------ Given data ------

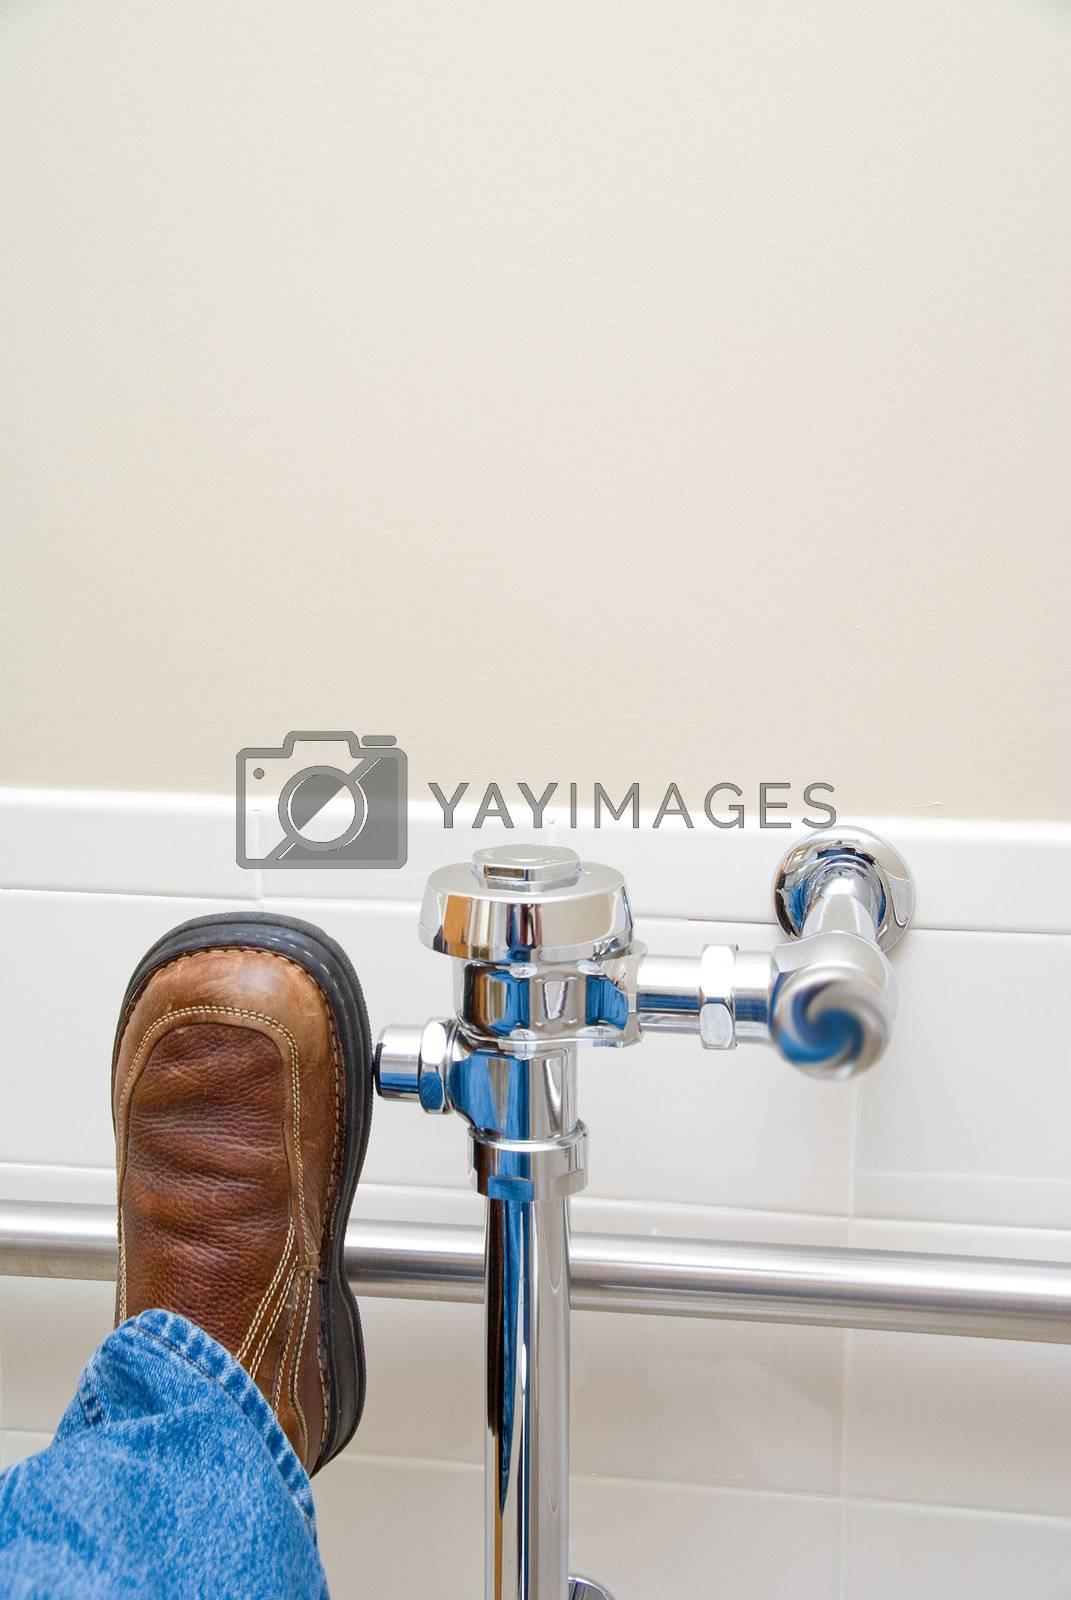 A persons shoe flushing a public toilet.
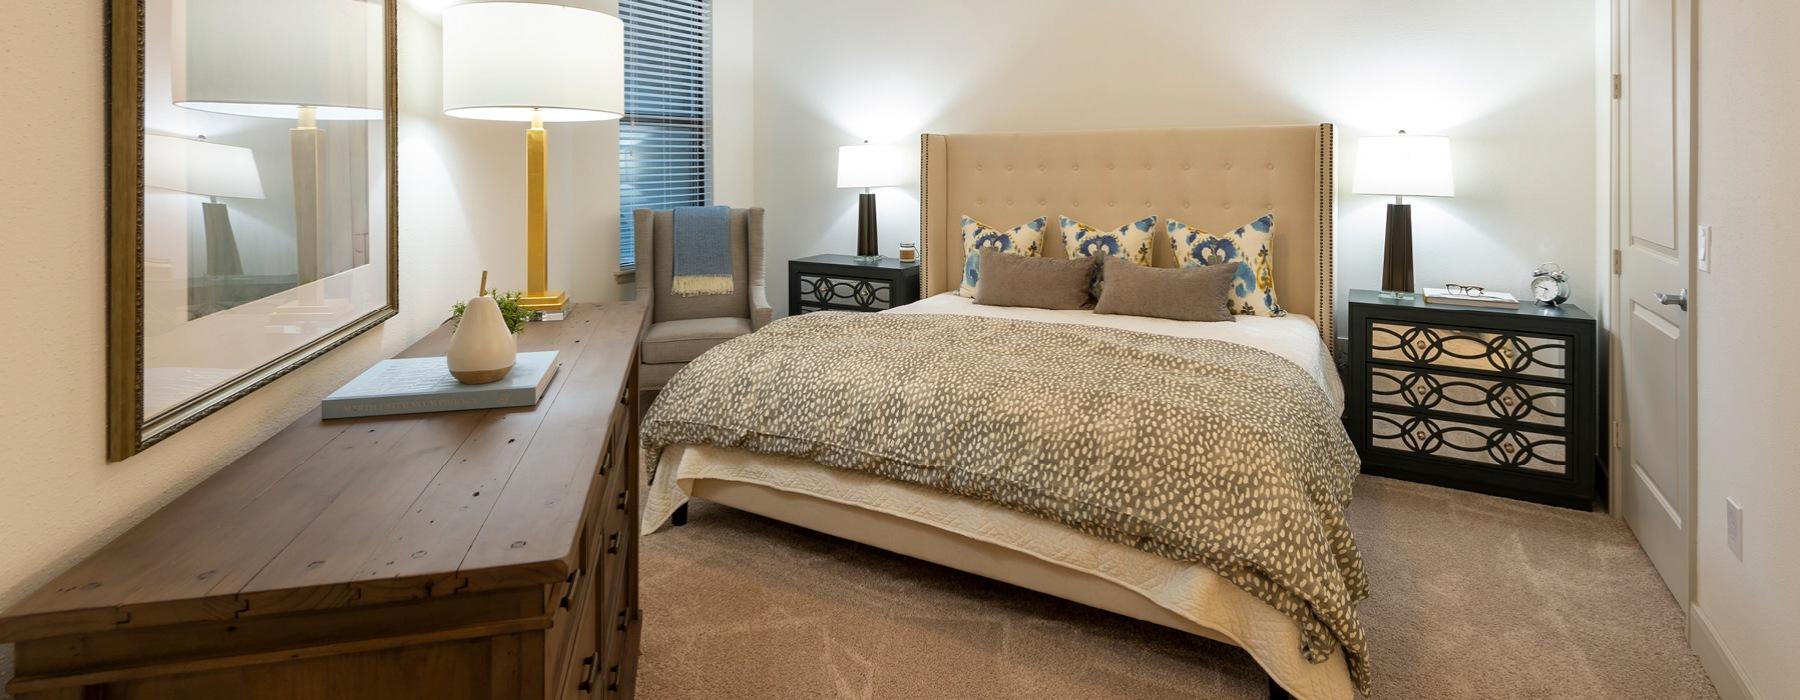 bedroom with ceiling fan, lighting fixture and window
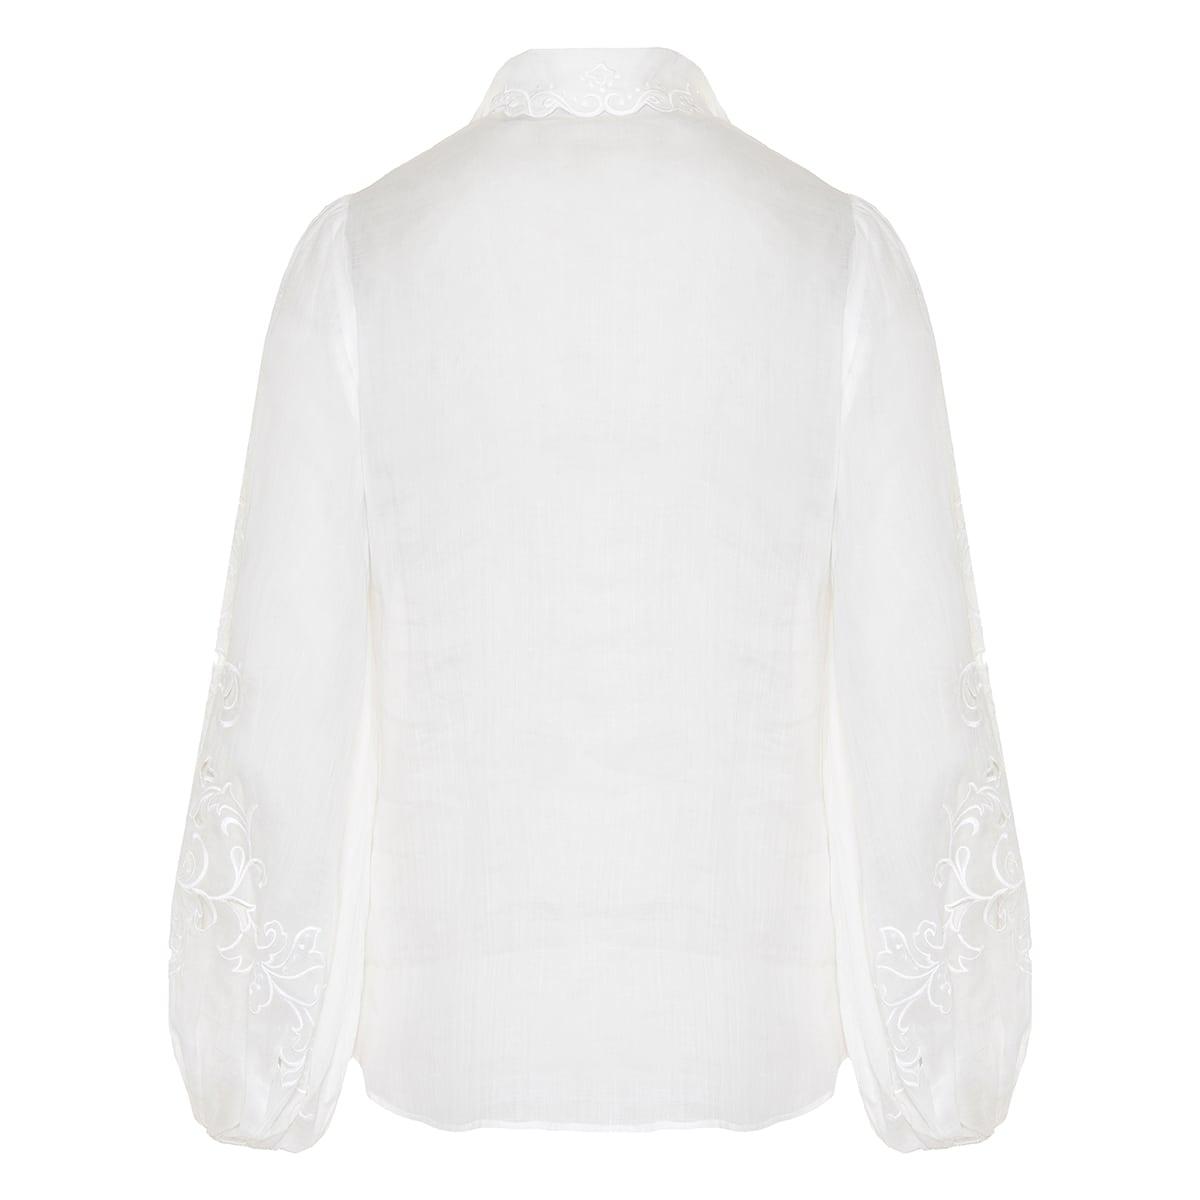 Nina broderie-anglaise ramie shirt
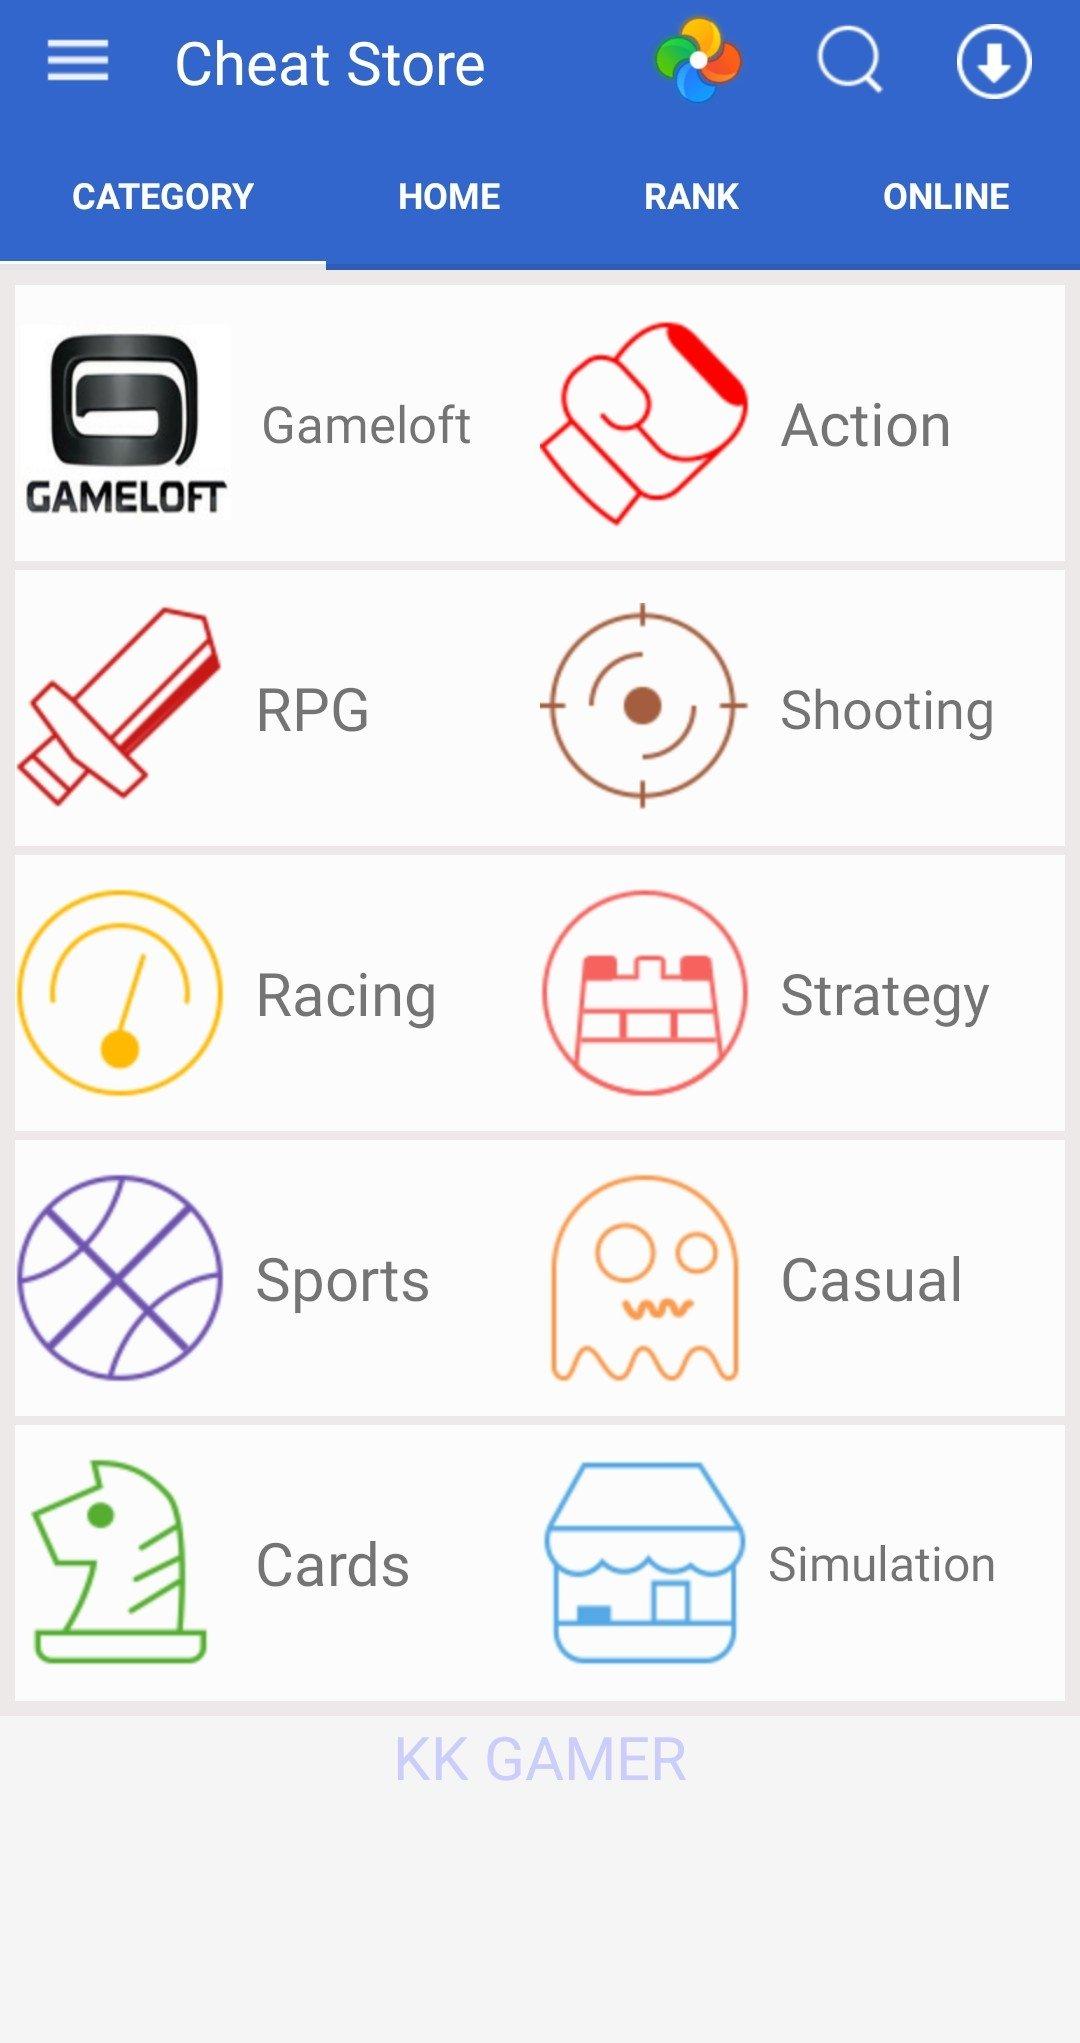 KK Gamer 3.3.5 - Download for Android APK Free

------

Your assignment ▸ Write out only the lines from the line containing "bedroom with ceiling" through the end of the material above, both end lines included. Pictures are not written out.

Answer space ▸
 bedroom with ceiling fan, lighting fixture and window
 Nina broderie-anglaise ramie shirt
 KK Gamer 3.3.5 - Download for Android APK Free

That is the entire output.